The whole listing is to be written out again exactly; the pictures are not.

++++++

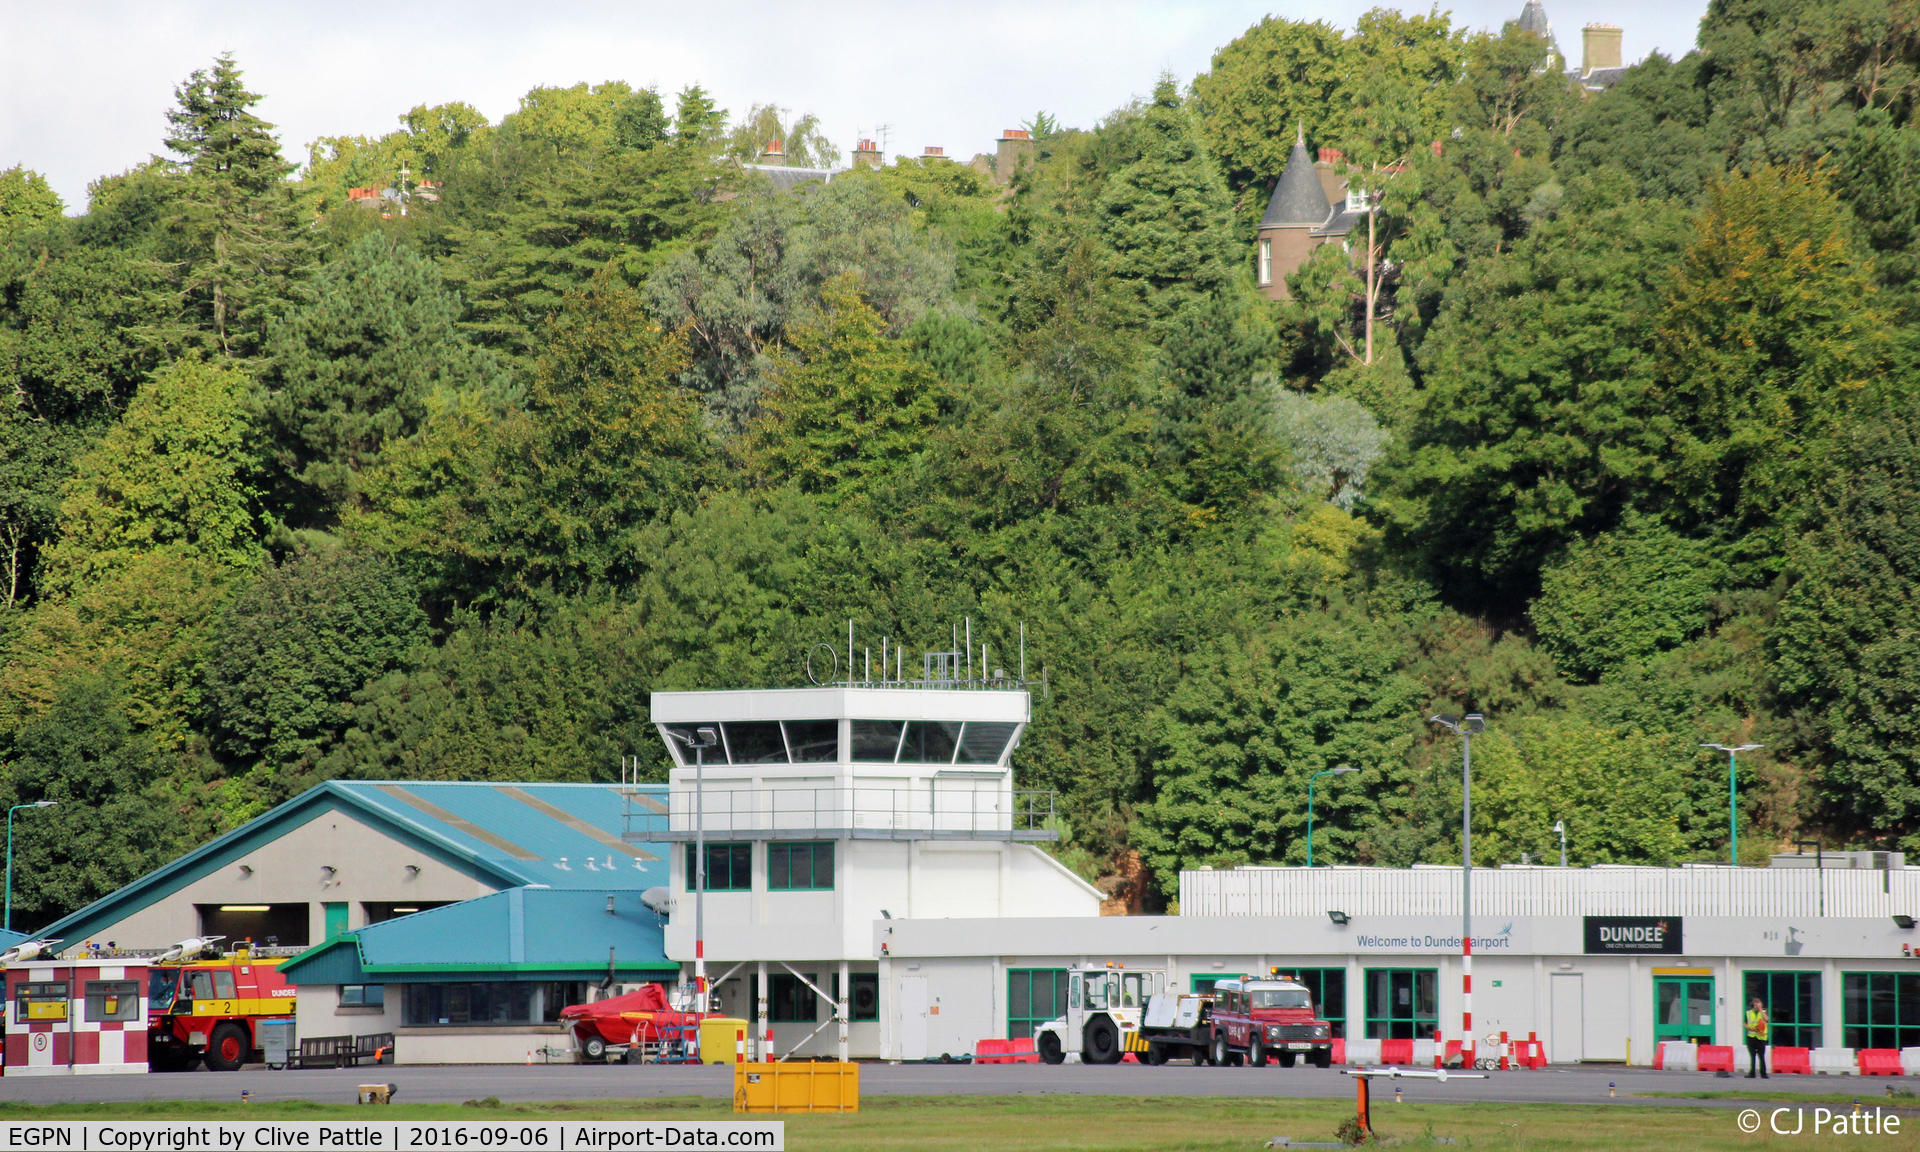 Dundee Airport, Dundee, Scotland United Kingdom (EGPN) - Terminal Building at Dundee EGPN
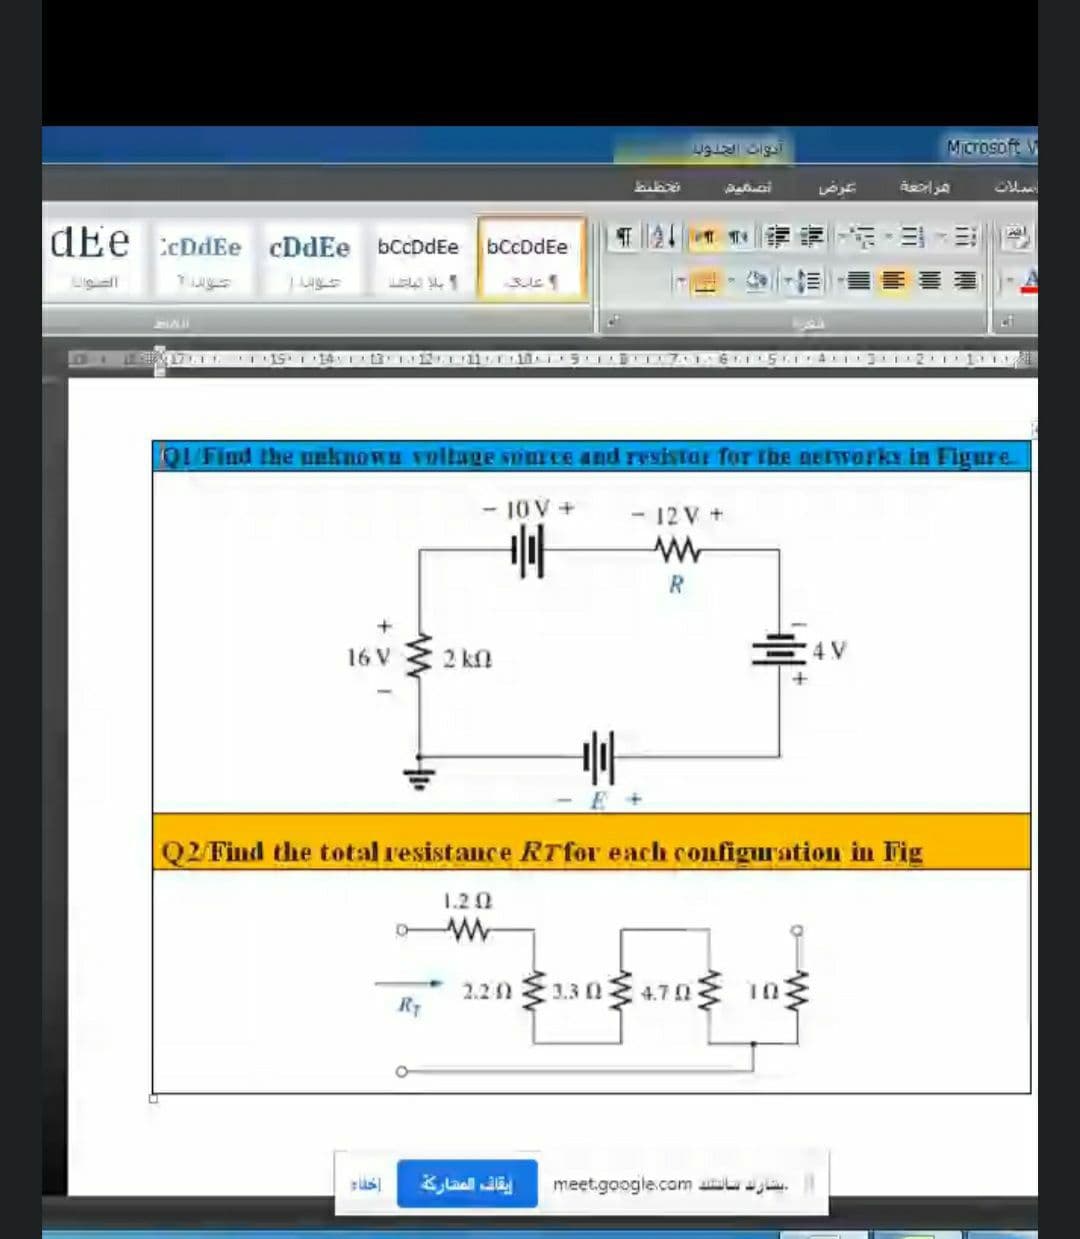 Microsoft W
تصقيت
عرض
dEe :cDdEe cDdEe bccDdEe
,示,ヨ-三|
bCcDdEe
Ligll
看
6.1SII AIJ I2I 1 LL
QU'Find the ueknown voltage source and resistar for Ihe networky in Figure
- 10V+
- 12 V +
R
16 V 2 kfl
三4V
Q2 Find the total resistance RTfor each configuration in Fig
1.20
2.2n1.30 4.70 ing
R7
Laal J
meet.google.com .

++++++

#### Exercise output:
 Dundee Airport, Dundee, Scotland United Kingdom (EGPN) - Terminal Building at Dundee EGPN
 Microsoft W
تصقيت
عرض
dEe :cDdEe cDdEe bccDdEe
,示,ヨ-三|
bCcDdEe
Ligll
看
6.1SII AIJ I2I 1 LL
QU'Find the ueknown voltage source and resistar for Ihe networky in Figure
- 10V+
- 12 V +
R
16 V 2 kfl
三4V
Q2 Find the total resistance RTfor each configuration in Fig
1.20
2.2n1.30 4.70 ing
R7
Laal J
meet.google.com .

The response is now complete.